Endothelium-dependent relaxation was evaluated with cumulative concentrations of ACh (10 nm–1 μm) in aortic rings precontracted with PE (100 nm). Endothelium-independent relaxation was investigated by analyzing the relaxant effects of SN (15–30 nm), as previously described (Squadrito et al, 1997). Relaxation of the rings was calculated as the percentage decrease of contractile force. Some rings were precontracted with PE and then incubated with L-NMA (10–100 μm) and the results were expressed as grams of tension per milligram of tissue.

NOS Activity

To measure NOS activity, the lungs were removed at the end of the experiment, immediately frozen in liquid nitrogen, and later assayed according to the method of Bredt and Snyder (1990) with slight modifications. Briefly, tissues were homogenized on ice in 10 volumes of homogenizing buffer: Tris HCl 50 mm, EDTA 0.1 mm, Pefabloc 1 mm, and dithiothreitol 1 mm. A 50-μl sample of the homogenate was incubated with 50 μl of incubation buffer for 20 minutes at 37° C. The incubation buffer contained the following cofactors: l-arginine 10 μm, [3H]l-arginine 5 pmol, NADPH 1 mm, calmodulin 30 nm, tetrahydrobiopterin 5 μm, calcium 2 mm, and l-valine 60 mm in a Tris buffer at pH 7.4. To determine calcium-independent NOS activity, a buffer replacing the calcium with EGTA (5 mm) was used. Nonspecific conversion of arginine to citrulline was determined in the absence of NADPH and a separate buffer containing L-NMA (1 mm) provided further evidence that NOS was being measured.

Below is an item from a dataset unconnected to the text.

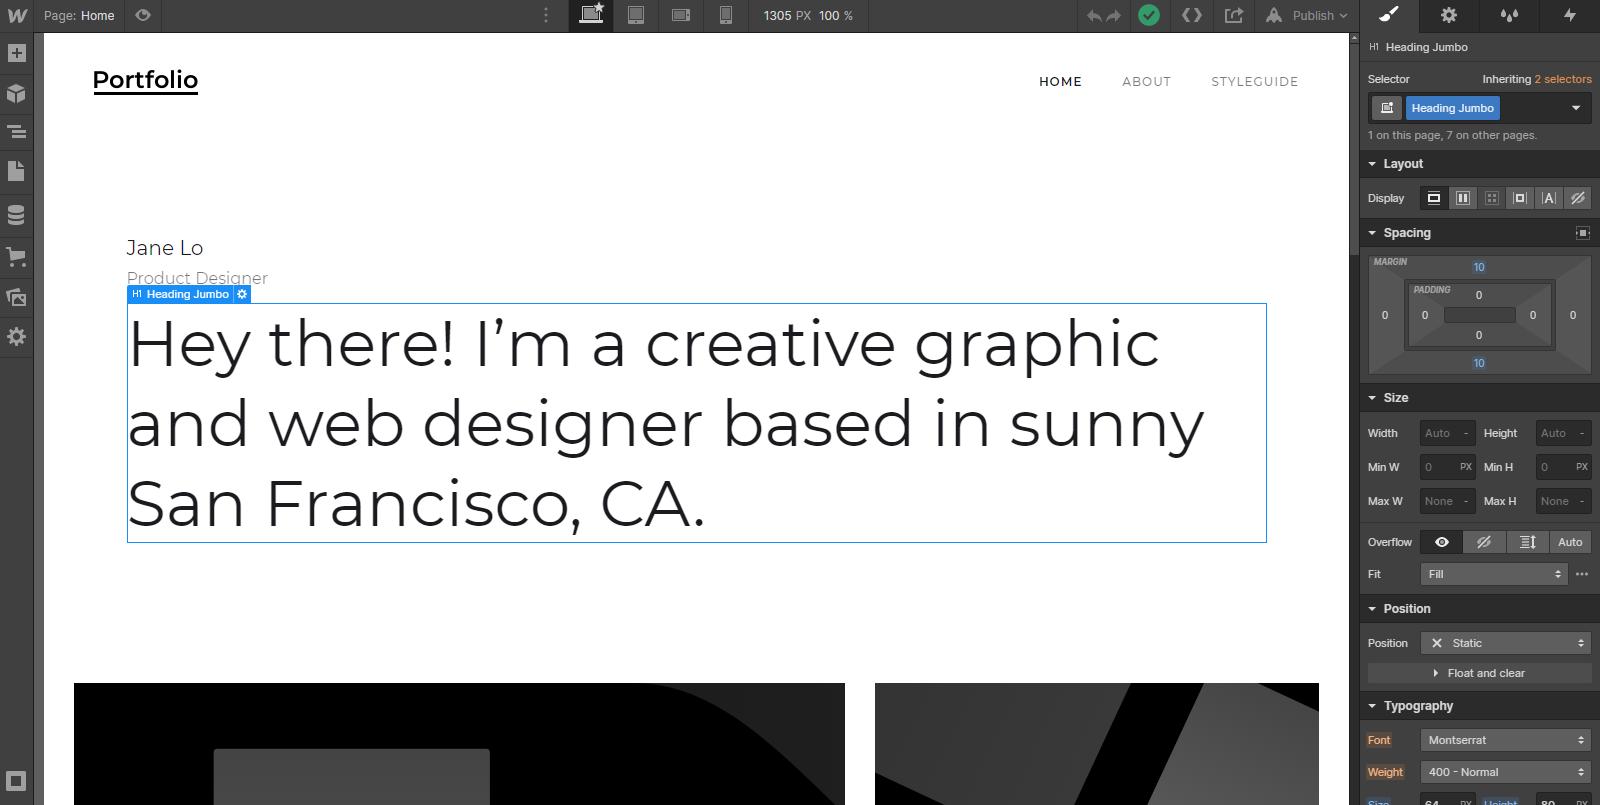 Webflow designer tool

After the 20-minute incubation, the reaction was stopped by the addition of 1 ml of ice-cold stop buffer (containing HEPES 20 mm, EGTA 2 mm, and EDTA 2 mm at pH 5.5). The reaction mixture was applied to 1-ml Dowex columns (NA+ form, 50 W, mesh size 100 to 200) that had previously been equilibrated with 1 ml of stop buffer. The eluate was collected and the columns washed twice with 0.75 ml deionized water to retrieve any residual activity. A 400-μl sample of the elute was taken for scintillation counting. The protein concentration of the homogenates was determined by the Bradford assay (Bradford, 1976) using BSA (fraction V) as a standard.

Drugs

α-Zearalenol and 17β-estradiol were obtained from Sigma Chemical Company (St. Louis, Missouri). ICI 182780 was a kind gift of Dr. Salvatore Guarini, University of Modena, Italy.

Statistical Analysis

Data are expressed as means ± sem. Results of the before versus after treatment measurements (MAP, HR, and body weight) were analyzed using the paired t test. For the other data, comparison between the means of the two groups was performed using ANOVA followed by the Bonferroni test, and was considered significant at p < 0.05.